I have made some progress with regards to generating a .stl file of my blockMesh geometry by using the OpenFOAM utility surfaceMeshTriangulate that extracts a surface from the polyMesh.

@ linnemann: I have never used Salome before so I feel that the effort in figuring that out would be similar to understanding sHM.

@ flowkersma/Mikko: I have tried using multi-grading of a block in the past but I was under the impression that snappyHexMesh would provide more control of the boundary layer refinement (e.g. boundary layer thickness, first cell thickness, expansion ratios etc.), although of course more effort and more expensive than blockMesh. In blockMesh there are only a few controls, but perhaps they are the essentials.

Furthermore, I'm following a paper in which 'the initial grid is successively refined 5 times with further refinement near the walls', so that hinted towards sHM. Perhaps I'm misunderstanding this successive refinement?:confused: It's straightforward to refine in blockMesh but of course it would not be automated...

Flowkersma April 21, 2020 06:05

With blockMesh you have much more control over the refinements than with snappyHexMesh. You can control the first cell size, the expansion ratio and the boundary layer thickness. Actually, some years ago I made a video to show the (then new) multi-grading feature of blockMesh. SwiftBlock is merely a GUI for blockMesh.

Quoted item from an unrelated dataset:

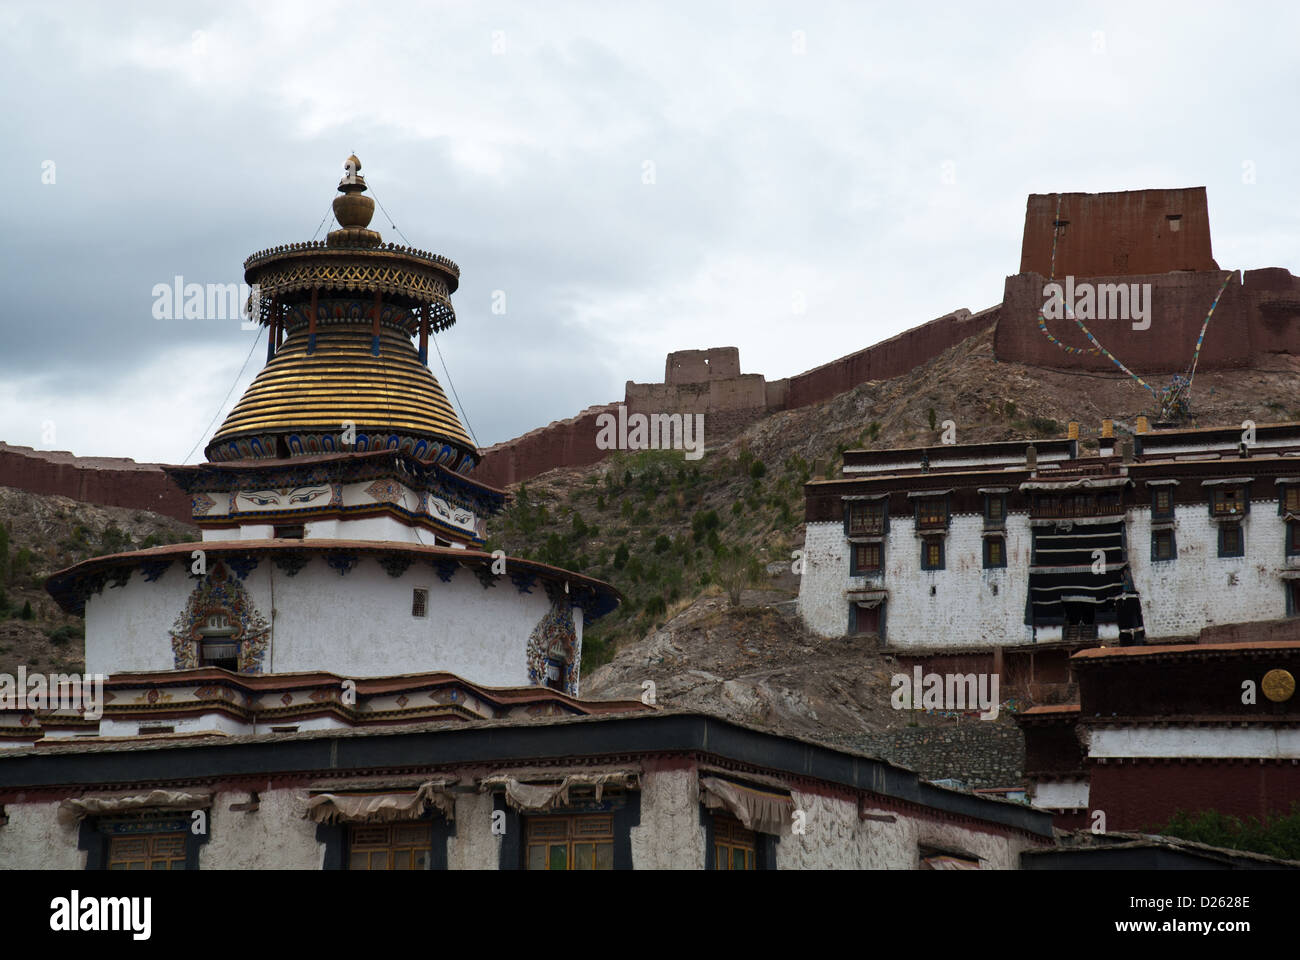 Monastery Pelkor Chöde with Kumbum Chörten and city wall fortress, Tibet, - Stock Image

SnappyHexMesh should be used for complex geometries but blockMesh is better for simple geometries because you have much more control of your mesh and less automagic things happening.

JM27 April 22, 2020 06:04

Hi Flowkersma,

Thanks for the quick reply and for sharing the video. I had a second look at multigrading and it seems this is the most convenient option ;)

The remaining issue is how to control the various sizes in my mesh. I have found this blockMesh grading calculator on the wiki https://openfoamwiki.net/index.php/S...ng_calculation which is helpful. But I'd like to know how the various parameters are calculated e.g. total expansion ratio, number of cells, cell to cell expansion ratio. The user-guide only seems to provide that the expansion ratio is the size of the last cell to the first cell but not how this varies based on the number of cells...

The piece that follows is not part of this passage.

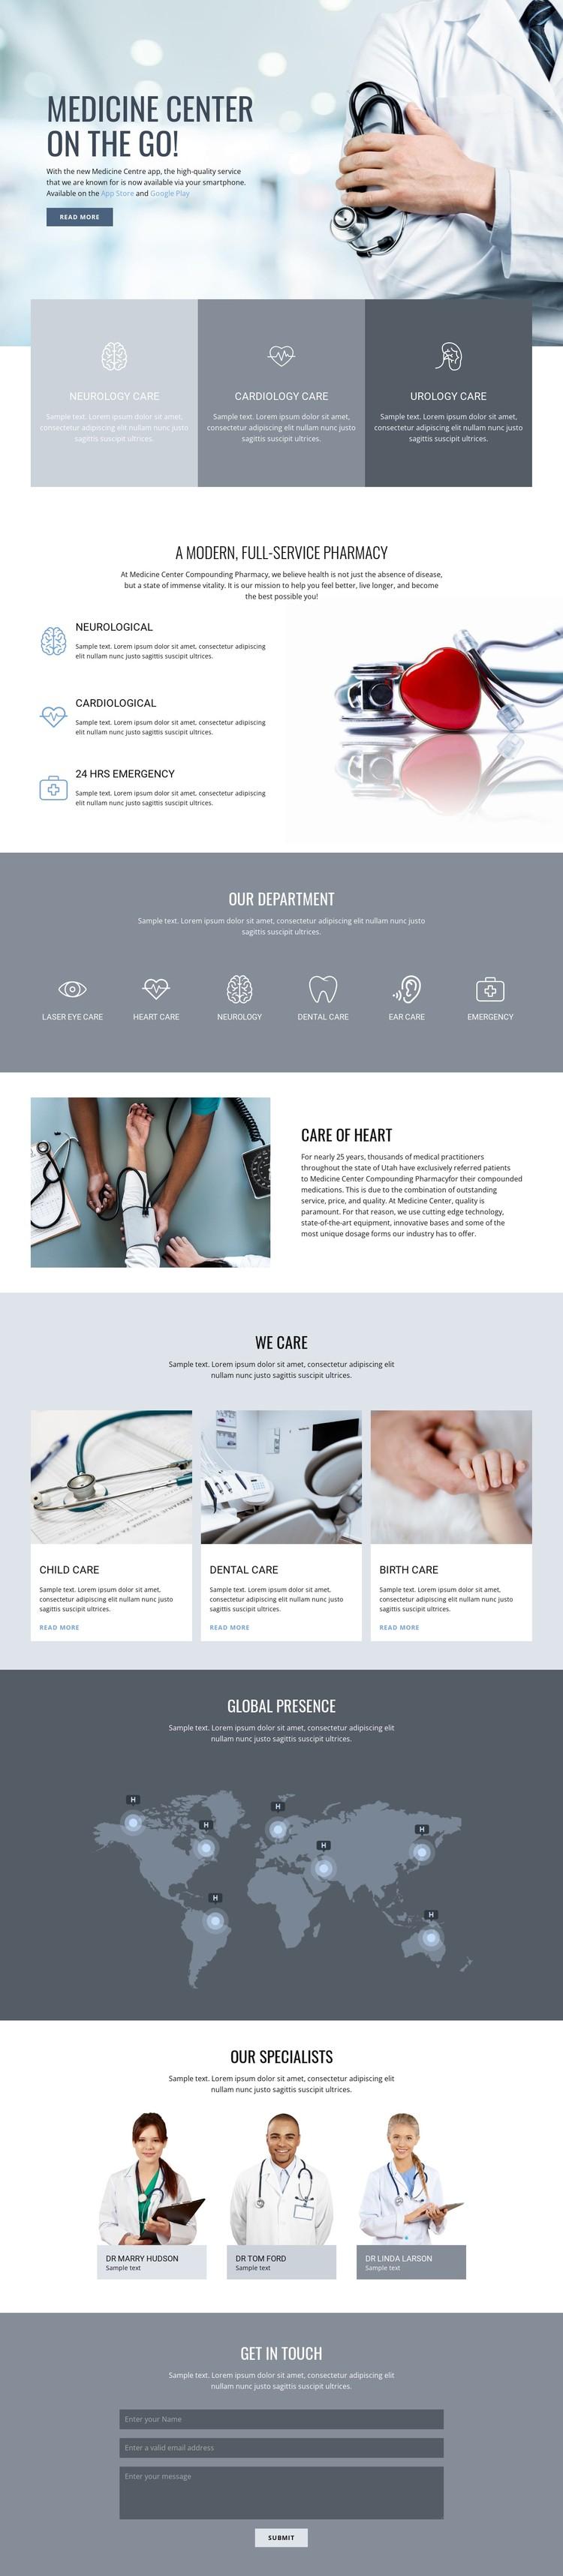 Center of quality medicine Static Site Generator

Do you happen to know how these are calculated or a source that explains this?

Thanks!

Flowkersma April 22, 2020 07:54

Hi,

BlockMesh uses geometric series for the grading which is commonly used for boundary layer meshes. Expansion ratio can be determined from this simple equation:
y_N/y_0 = r^N
where y_N/y_0 is the ratio between the last and the first cell, r is the expansion ratio and N is the number of cells.

The length of the BL mesh is given by:
L=y_0 \frac{1-r^N}{1-r}

JM27 April 24, 2020 05:05

Hi Flowkersma,

Thanks for the equations. I have compared this to the results from the grading calculator on the Wiki several times and they are slightly off, e.g. number of cells is off by about 3 cells...

Could you perhaps direct me to a reference for these equations so I can look into it further?